When a team build AI agent, it creates contracting the early stage for easy understanding. AI agents also require clear data usage policies.

AI structure requires a strict schema and typed interfaces. Machines check data sent by AI agents. Wrong data immediately fails. This prevents mistakes from happening.

It is best to define exact steps to fix the issue. Defined steps make debugging easy. Schema errors work like broken contracts. If one thing is wrong, fix it before escalating it.

Note: Typed schemas are essential to prevent multi-agent workflow failures.

Lack of Specific Actions:

Multi-agents can fail even when the data is structured. It happens due to unclear instructions. The solution is to analyze the issue and add clear instructions.

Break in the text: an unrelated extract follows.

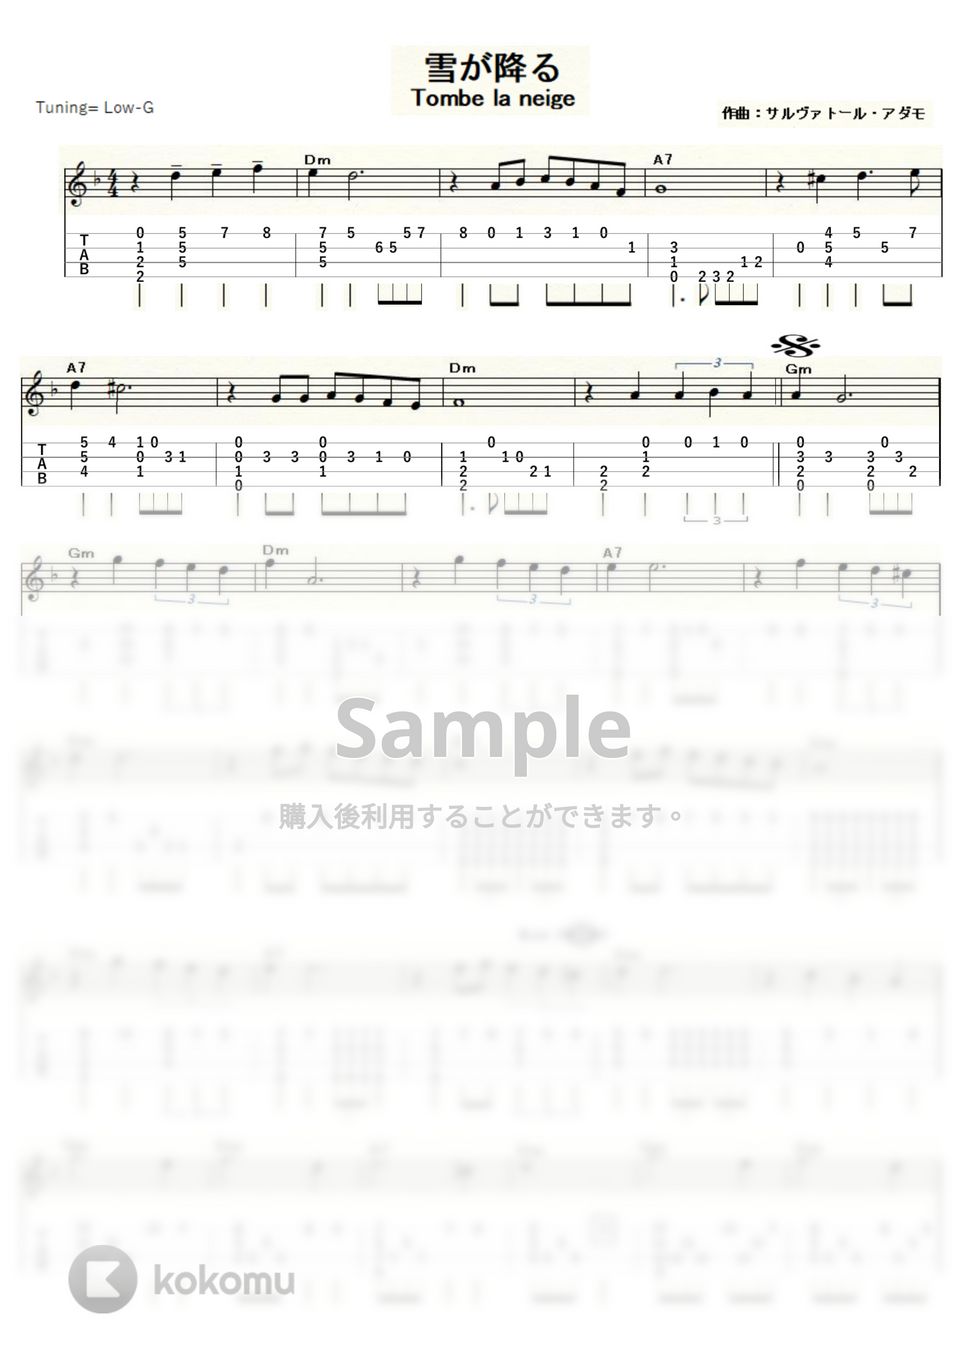 アダモ - 雪が降る (ｳｸﾚﾚｿﾛ / Low-G / 中級) by ukulelepapa

An AI agent can get confused about:

  • What closes the issue
  • When to Assign
  • When to Escalate
  • When to do nothing

These issues seem reasonable for humans but not predictable.

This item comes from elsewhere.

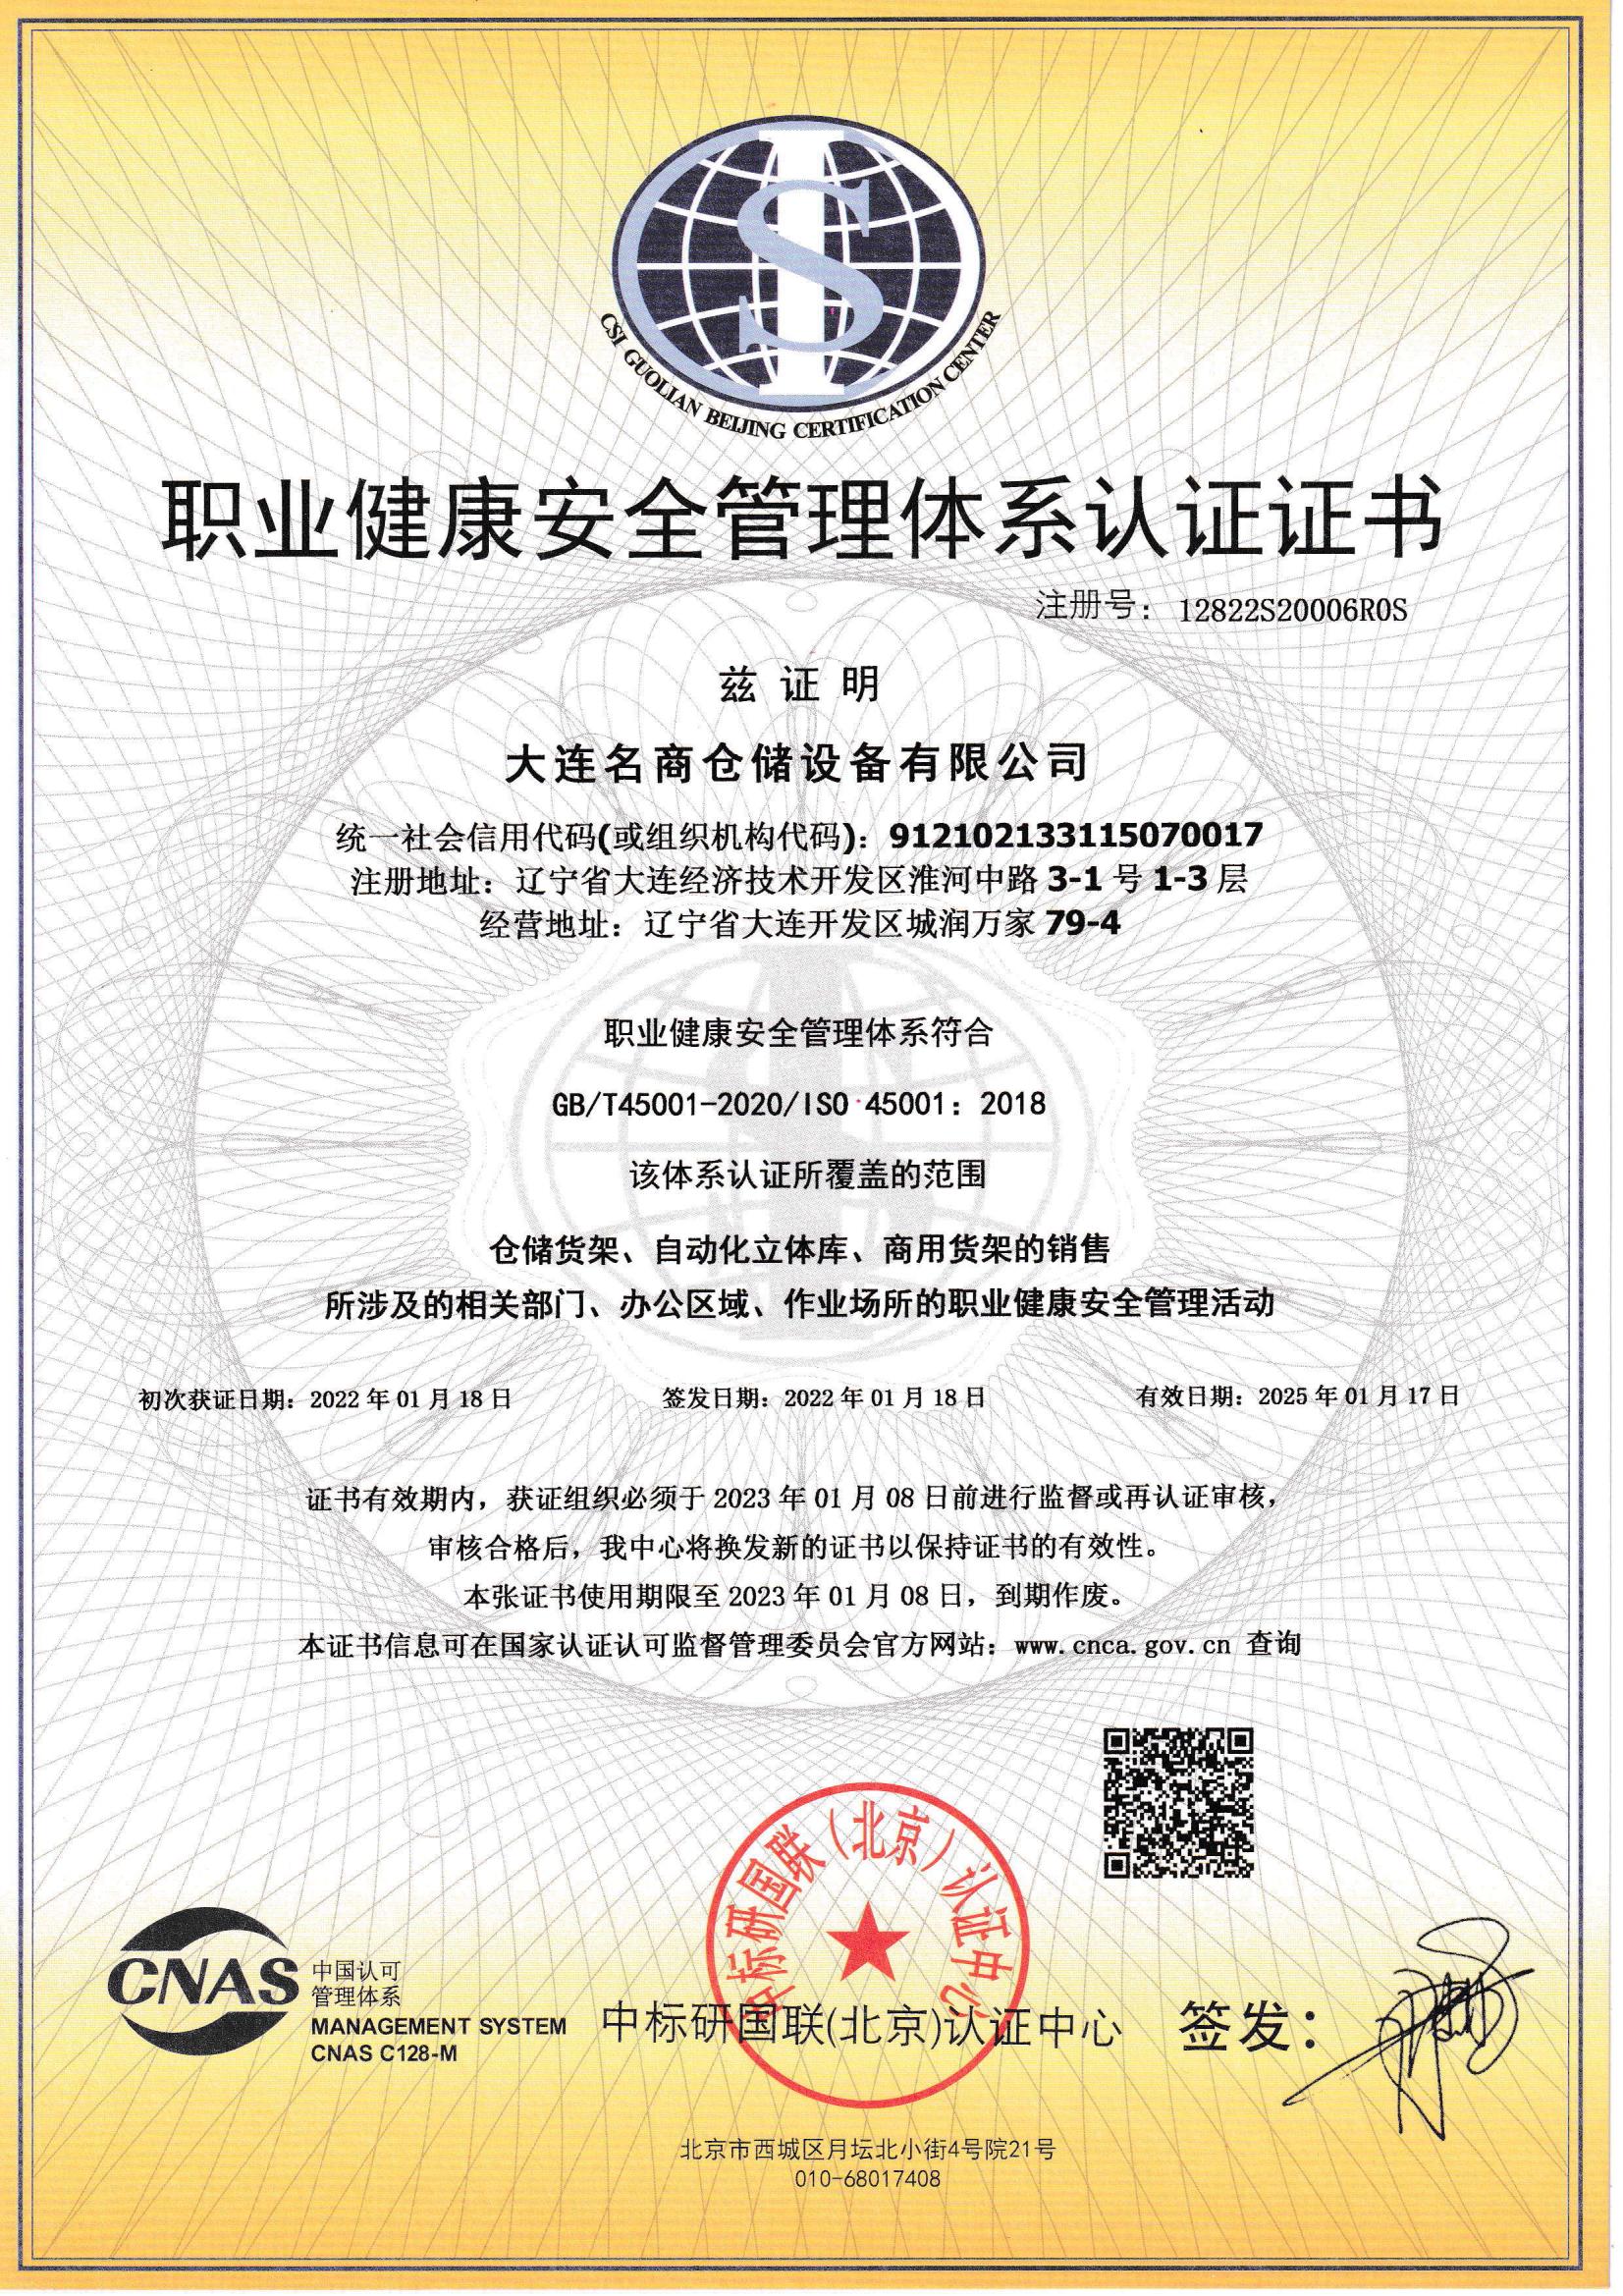 职业健康安全管理体系认证证书（中文）_00

An action schema is required to fix this issue. The action schema must define each allowed action.
Multi-agents require to return valid action to solve the issue. Invalid action results in escalation or retirement.

Note: Multi-agent failure happens when actions are unclear. It is best to define actions.

Optional MCP Rules:

Schemas only add value if they are enforced. Making rules optional reduces their value to suggestions. Make sure to add mandatory rules so that multiple agents must follow them.

Model Context Protocol (MCP) is the system that enforces mandatory schema rules.

Model Context Protocol (MCP) tells:

  • What input allows
  • What input is not allowed

MCP is required to prevent agents from inventing new fields. It is responsible for ensuring that multi-agents do not skip required inputs and cannot change formats.

Principles of Multi-Agent Systems:

You need to plan for failures. Check data at every step to ensure that you have not missed anything.

Before adding fields, make sure that it limits the possible actions. Keep a record of important steps.

Even though you did everything, still be ready for partial failures and retreats.

Note: In a multi-agent workflow, agents are a distributed system, not the chatbots.

Conclusion:

As an AI developer, your job is to ensure that the multi-agent workflow does not fail. You are responsible for creating a clear, structured multi-agent system.

Remember: AI agents can only work as reliable software components when they see type schemas, clear action definitions, and strict MCP enforcement.

Your takeaway is that you must take agents like code, not a chat conversation.